36. In addition to the rights of the customer in respect of defective or non-conforming goods under clause 35 of these terms and conditions, the customer may return the goods where:
[a] the company has agreed in advance to confer this right and a returns authorisation number is obtained from the company; and
[b] the goods are, in the company's opinion, in good saleable condition; and
[c] the goods remain in the company's original undamaged packaging; and
[d] the goods and their packaging are free of any stickers or other labelling by the customer; and
[e] the goods are a standard product and not custom made to the particular requirements of the customer or imported from overseas at the customer's specific request; and
[f] the goods were supplied on the company's normal trade terms and at the standard price charged by the company and not at a reduced price or on other special terms; and
[g] the goods are returned by a carrier authorised by the company; and
[h] the goods, together with a written authorisation form from the company, are returned within 30 days following delivery.

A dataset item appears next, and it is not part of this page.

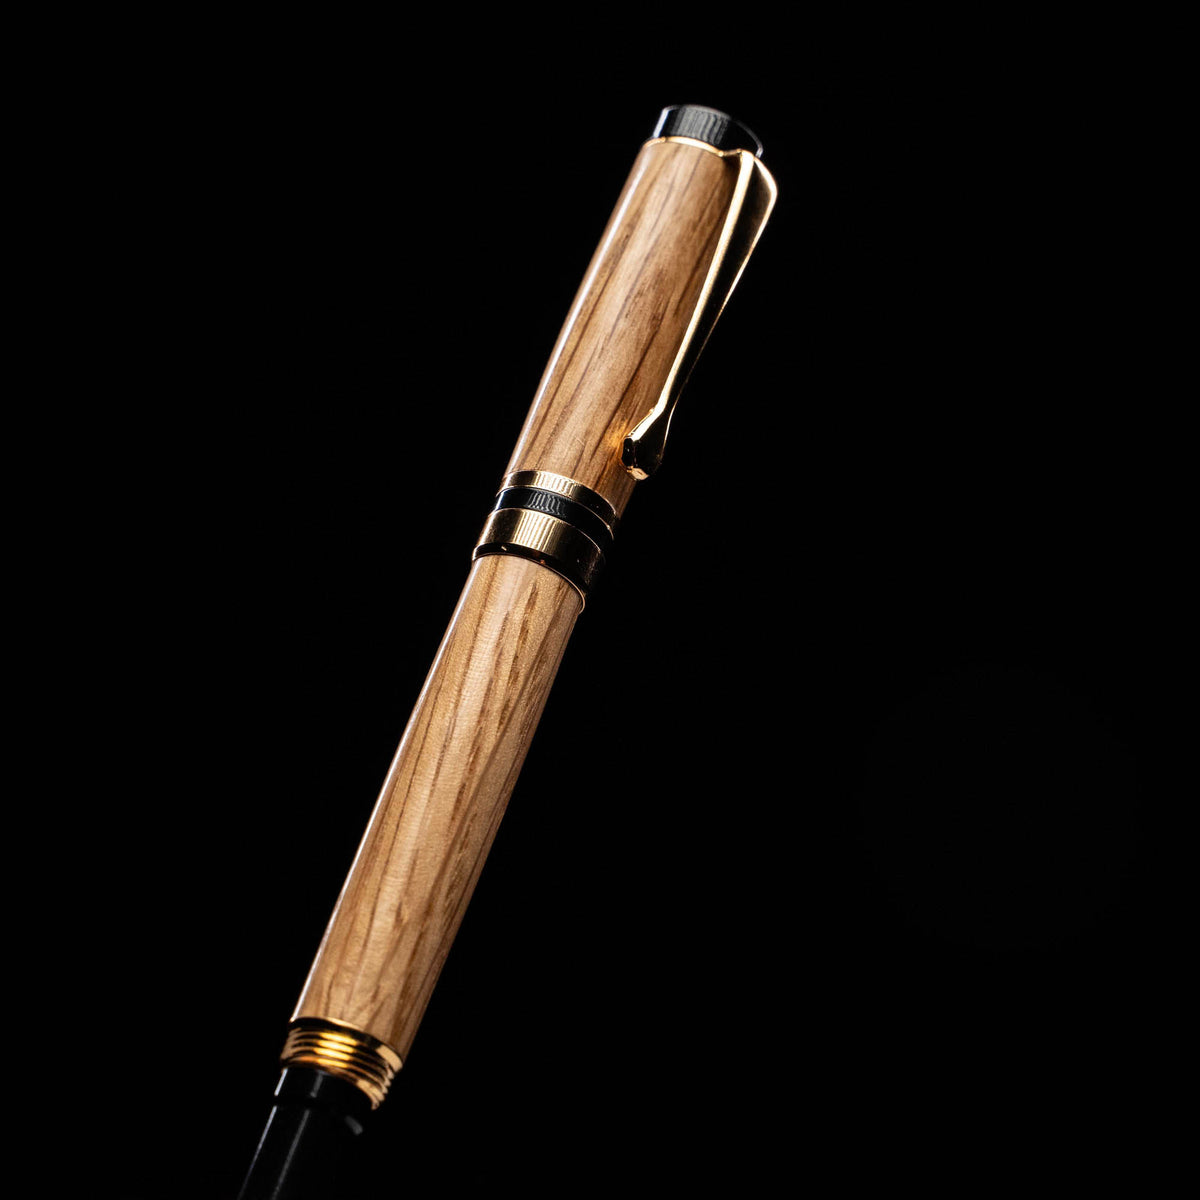 Hand-Turned American Chestnut Rollerball Pen + Fine Leather Pen Sleeve
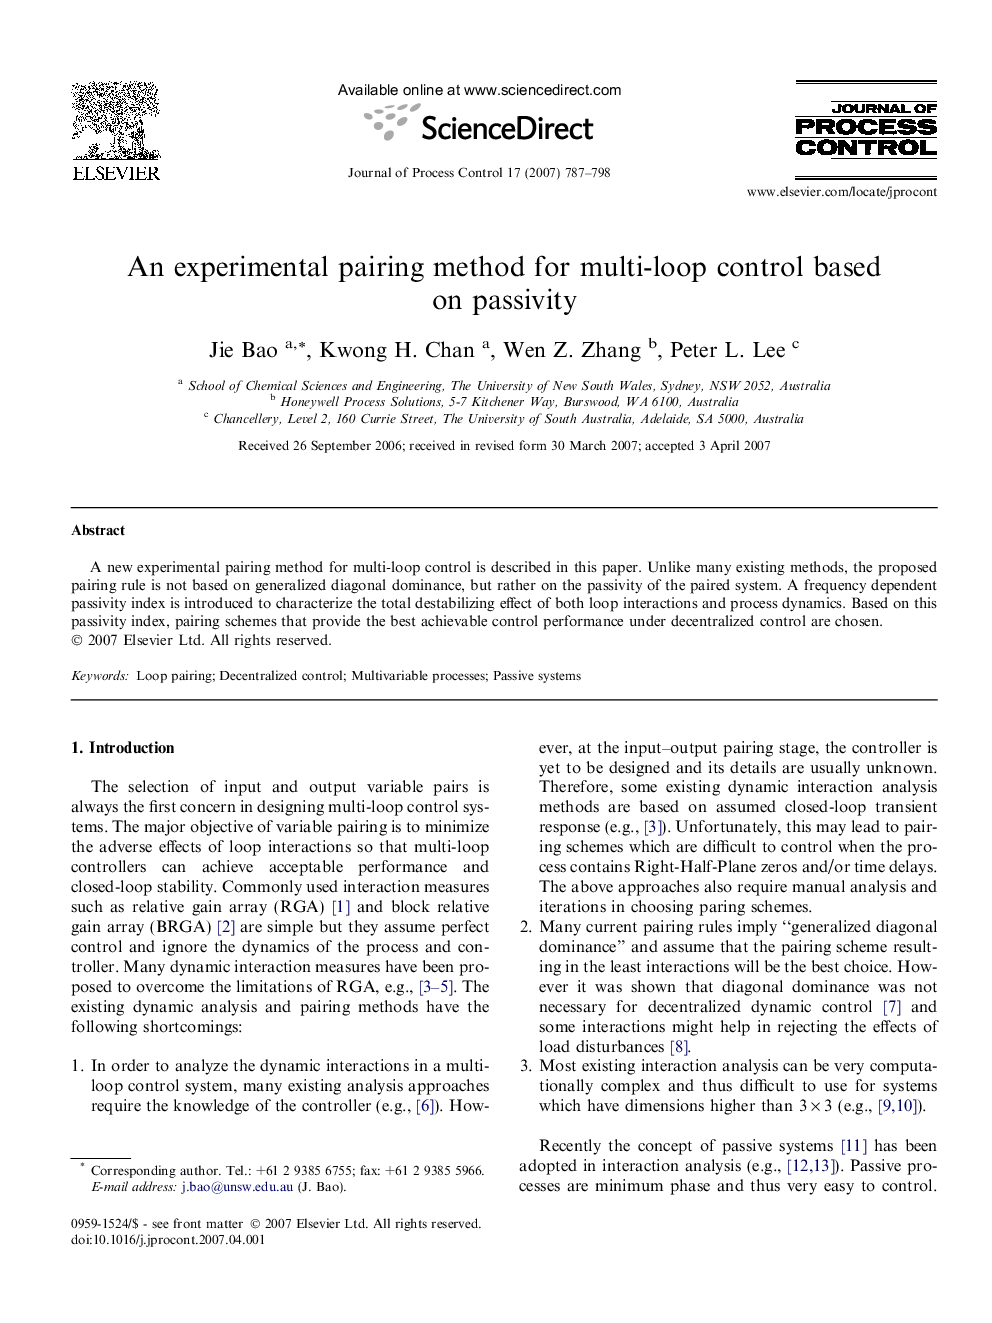 An experimental pairing method for multi-loop control based on passivity

37. The company may charge a handling and restocking fee of up to 15% of the purchase price of the returned goods by way of deduction from the credit passed to the account of the customer or the refund paid to the customer.

IMPORTED GOODS

38. To the extent permitted by law and expressly the provisions of the Act and subject to any express warranties confirmed in writing by the company, the warranties provided to the customer in respect of the goods shall be no greater than the warranties obtained by the company from its overseas supplier and shall commence on the same date and run for the same period as the warranties made available to the company by its overseas supplier.

INDEMNITY

39. Where the customer acquires the goods for the purpose of reselling them to a third party who is acquiring them for business purposes, the customer agrees to contract out of the application of the Act. The customer agrees to indemnify the company on a full indemnity basis from and against any liability, loss, damage or expense that the company may suffer or incur as a result of any claim brought by any such third party where the customer breaches or fails to observe its obligations under this clause.

40. The customer agrees to indemnify the company on a full indemnity basis from and against any liability, loss, damage, or expenses that the company may suffer or incur as a result of any statements, representations or promises made by the customer about or concerning the goods otherwise than in conformity or accordance with the express warranties provided by the company.

EXPORT PROHIBITION

41. The goods are supplied for use or sale in New Zealand only and must not be exported elsewhere, directly or indirectly, without the prior agreement of the company.

INTELLECTUAL PROPERTY

42. All patents, copyright, designs, trade marks, trade names and other intellectual property rights relating to the goods are vested in or licensed to the company and the customer shall not use, remove, interfere with, alter or otherwise infringe any of those rights.

43. The company makes no representation or warranty that the goods will not infringe the intellectual property rights of others. The customer will immediately notify the company of any infringement by others of the intellectual property rights of the company or any claim by others that they are the owner of any intellectual property rights relating to the goods. The company shall have the complete control and conduct of the prosecution or defence or settlement of any proceedings relating to any such infringement or claim.